Is it mere vandalism, a messy rash on the skin of polite society? Or creativity trickling through cracks in mainstream culture? Graffiti is both, of course, and more. It is vox populi, the voice of the people.
Graffiti is all around us. On a bathroom wall it might be nothing but crude sexual gestures. On city streets it can remind us that not all the news is fit to print. In repressive countries it speaks truth to power.
Writing or painting on a wall serves the innate human drive for self-expression, a trait that’s as ancient as rock art and as current as TikTok. Like a bumper sticker or your latest Facebook post, graffiti seeks an audience.
It flourishes at the margins. Like weeds that bloom in vacant lots, graffiti bursts forth in the alleys and under bridges, across the steel hulls of freight cars and along the sides of shipping containers. Whether it’s a scribbled tag, or something as complex as a Diego Rivera mural, this outlaw art always draws me in.
For decades I’ve watched graffiti appear and disappear out on Old Munds Highway, where it slips under I-17 through a short concrete tunnel–a perfect canvas for graffiti. I assume that young people paint most of what shows up on the tunnel walls: a marijuana leaf here, a mushroom there, the occasional peace sign or red circle-A, for anarchy.
Graffiti accumulates in the tunnel for a year or so until someone–a highway worker, I guess–comes by to paint over it. Afterward, big rectangles of monkey-shit brown or prison-bathroom green hide all vestiges of anarchy.
Never for long, though. The kids will show up again one Friday night in the freshly-neutralized tunnel, slapping new paint up on the concrete. The gravel will crunch as they drive away, laughing. I hope they will make it home safe. I hope the homes themselves are safe places.
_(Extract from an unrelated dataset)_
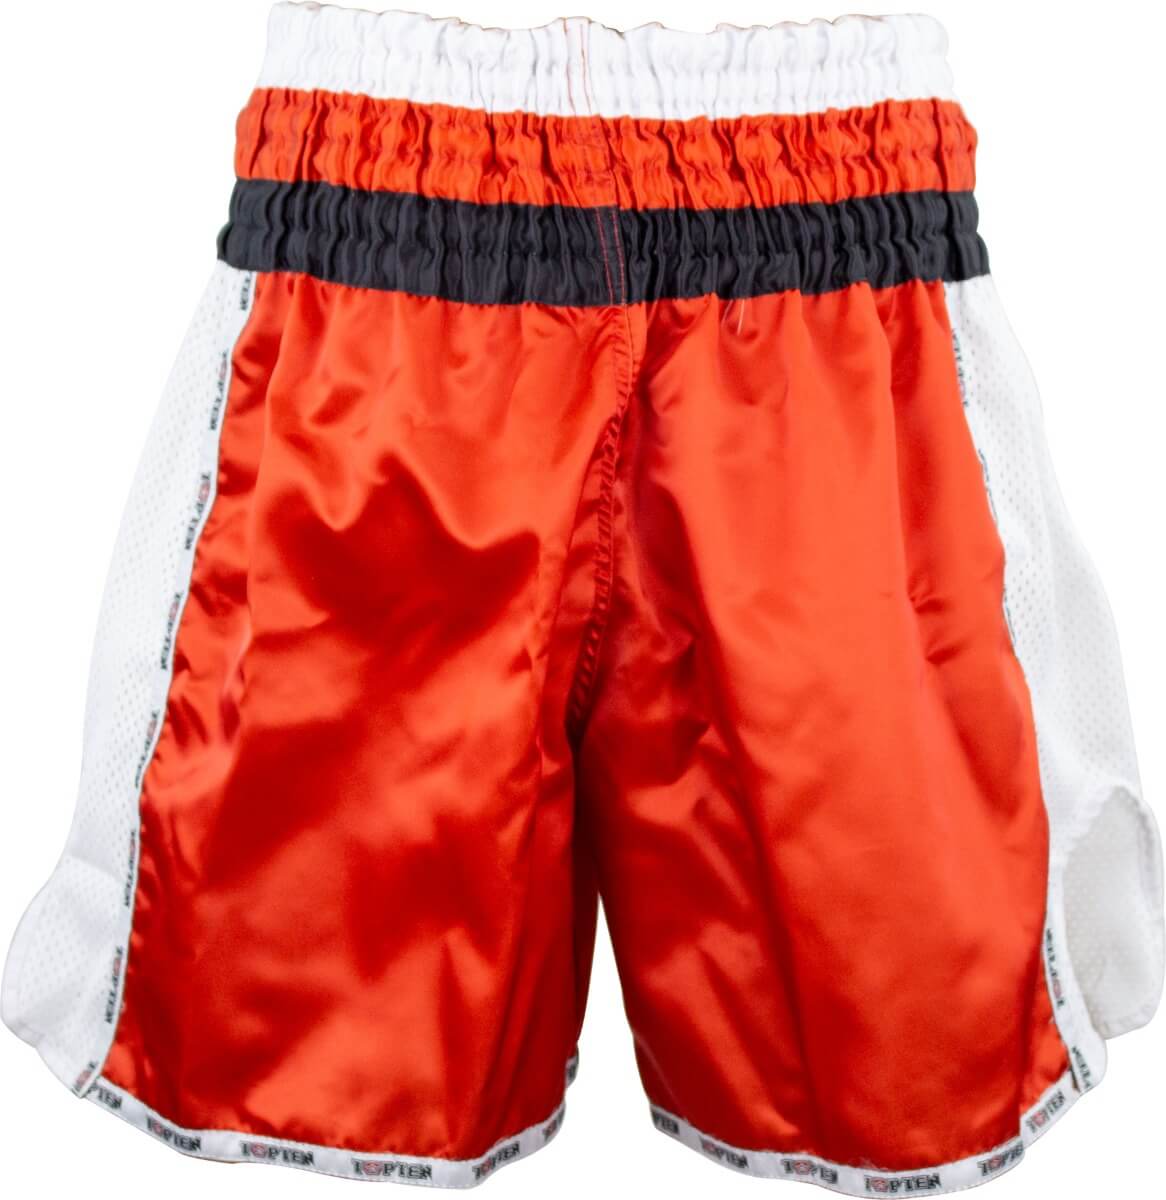 top-ten-kickboxing-shorts-wako-star-red-18641-back

Being a teenager has never been easy, and it seems to get tougher all the time. Pressure to get good grades and admission to college can feel overwhelming. Dangerous drugs are everywhere. The normal emotional challenges of teen life get supercharged by social media. It’s a lot to deal with.
So I was pleased a year and a half ago, when the latest wave of graffiti appeared under I-17. Over a period of weeks, the underpass became the “Tunnel of Art”. Drivers at each end were greeted by a playful, larger-than-life cartoon character. Pink hearts with wings took flight. Clusters of yellow stars beamed. Young hands dipped in paint had left their dripping marks. Multi-hued bunches of flowers floated over boldly-lettered messages.
No hate, one said.
Kindness is the answer, said another.
There were others, each striking notes of encouragement and hope: Grow in your own way. You deserve good things. You are strong. You are brave. You are beautiful. You are valued. You are loved.
I drive Old Munds Highway about once a week, and for a year or so, my trips through the Tunnel of Art never failed to put a smile on my face.
But now it’s gone. A few weeks ago, the kids’ joyful work was dutifully snuffed out, this time with a shade of paint that could be called chronic-depression grey. Order has been restored.
Or maybe some angry, wounded kids will get there first, to splash their dark fury and private pain on the tunnel walls like fresh blood. To flip the middle finger at a world they can’t love, a world that might not love them enough.
Either way, I’ll be glad they are letting out what should not be kept inside. To any kid who feels the urge to leave a mark on those walls under the highway, my wish is that you do it. And that you find hope, and learn kindness, and know that you are loved.
Because, as one of those painted-over panels in the Tunnel of Art proclaimed, You deserve every good thing this world has to offer, and nothing less.